Все это продолжалось каких-нибудь сорок пять секунд.
Официантка уносила на подносе битую посуду, бармен менял скатерть, в зале снова зазвучали разговоры. Кошечка вынула из своей круглой корзиночки бумажную салфетку и принялась вытирать кровь со щеки и подбородка Жана Кальме; теперь лица бородатых юношей и распущенные волосы девушек выглядели вполне мило и невинно, вечернее солнце постепенно багровело, разводя пожар на крышах домов, на мосту, на шпилях собора. Открыв портмоне, Кошечка спокойно выкладывала монеты на стол. Затем она встала, Жан Кальме тоже поднялся, вдвоем они пересекли зал, открыли дверь, вышли на Университетскую улицу. Все, как вчера. Как раньше. Они поднялись в ее комнатку. Сели на кровать с золотистым покрывалом, выпили кофе из кукольных чашечек.

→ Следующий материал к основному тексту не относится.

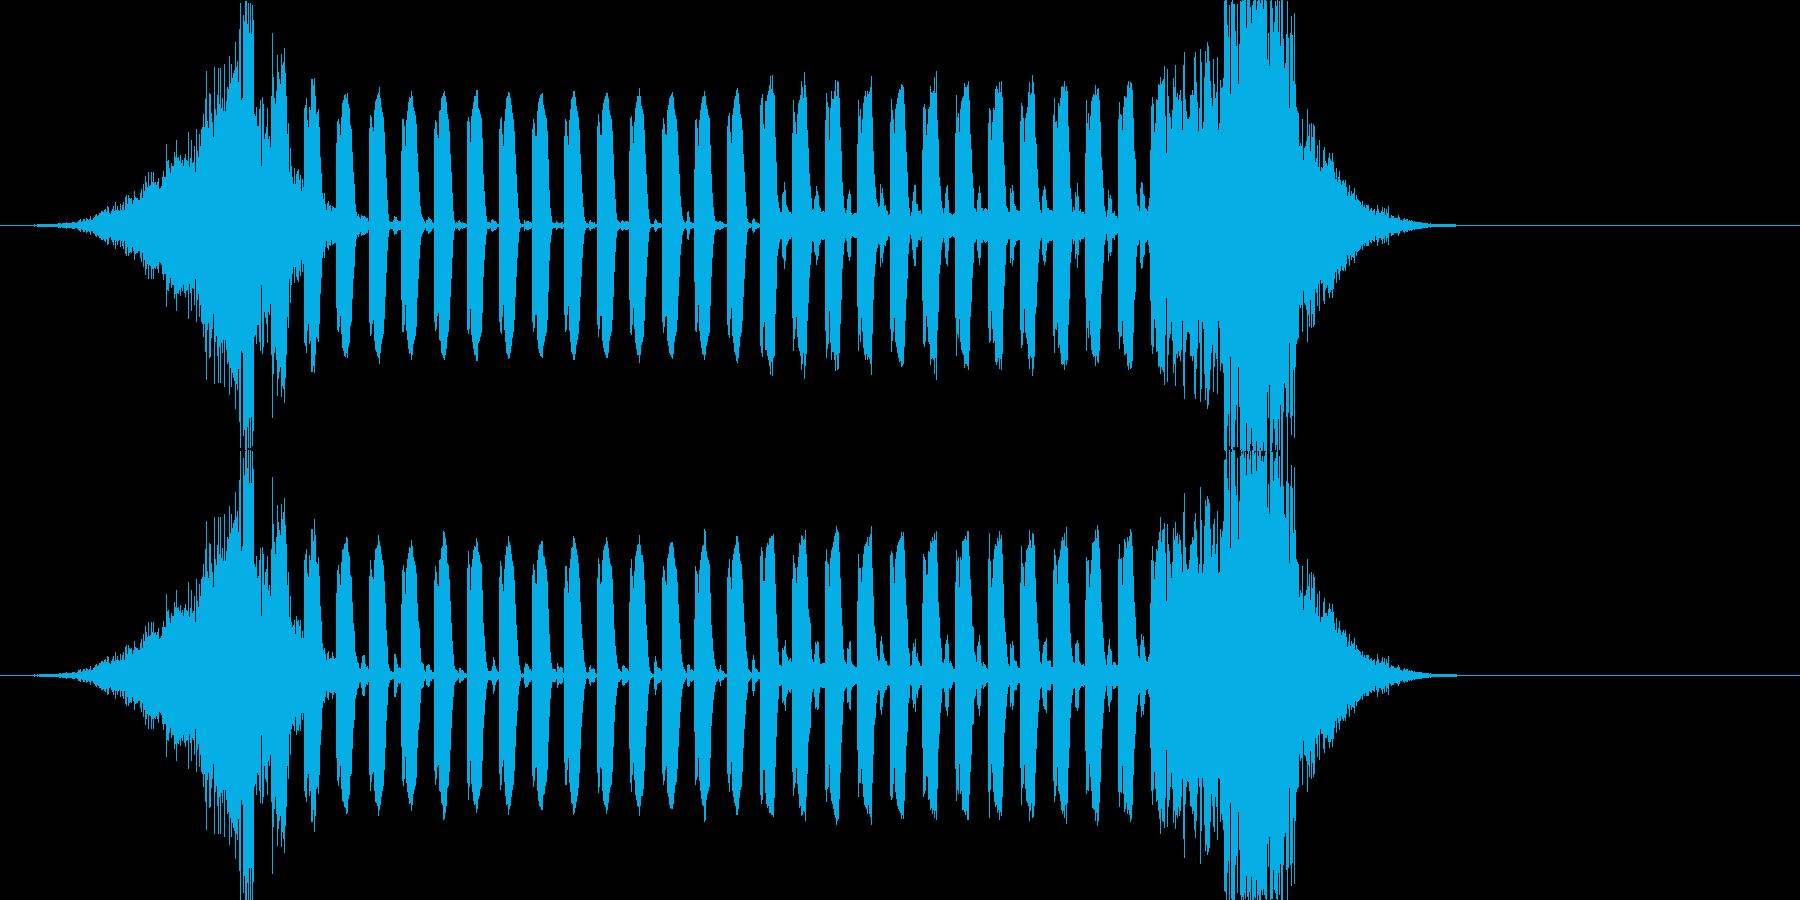 トランス・ハウス系ジングル ニュース番組の再生済みの波形
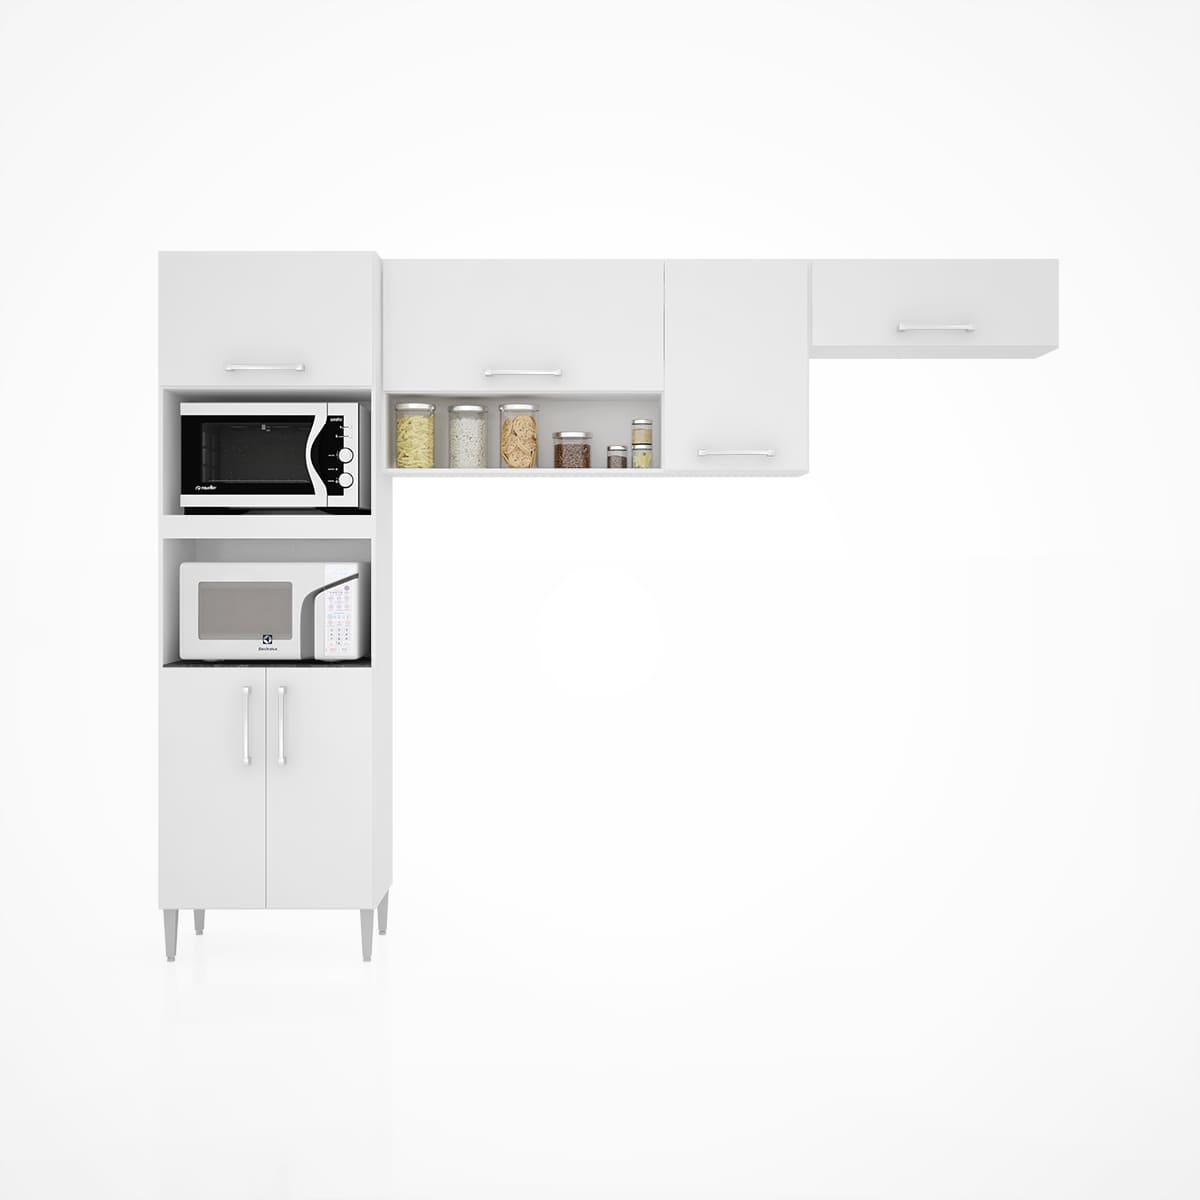 Cozinha Sharmilla Completa 3 Peças Branco A593.00 Poquema

И вот наконец впервые они ложатся рядом, под плакатом, молча, спокойно дыша, и время обволакивает их, как нежный мех, и оранжевый свет льется сквозь стекло затворенного окна, и слышен звон соборных колоколов, отбивающих шесть часов, и долго еще после того, как они смолкли, эхо мечется средь каменных стен, в коридорах и дворах, в садах и криптах старого города. В комнате стоит кровать, на кровати недвижно лежат двое — молодой человек с длинной царапиной на подбородке и девушка с пламенеющей гривой волос. Они не шевелятся. Они слушают свое дыхание. Так проходит четверть часа.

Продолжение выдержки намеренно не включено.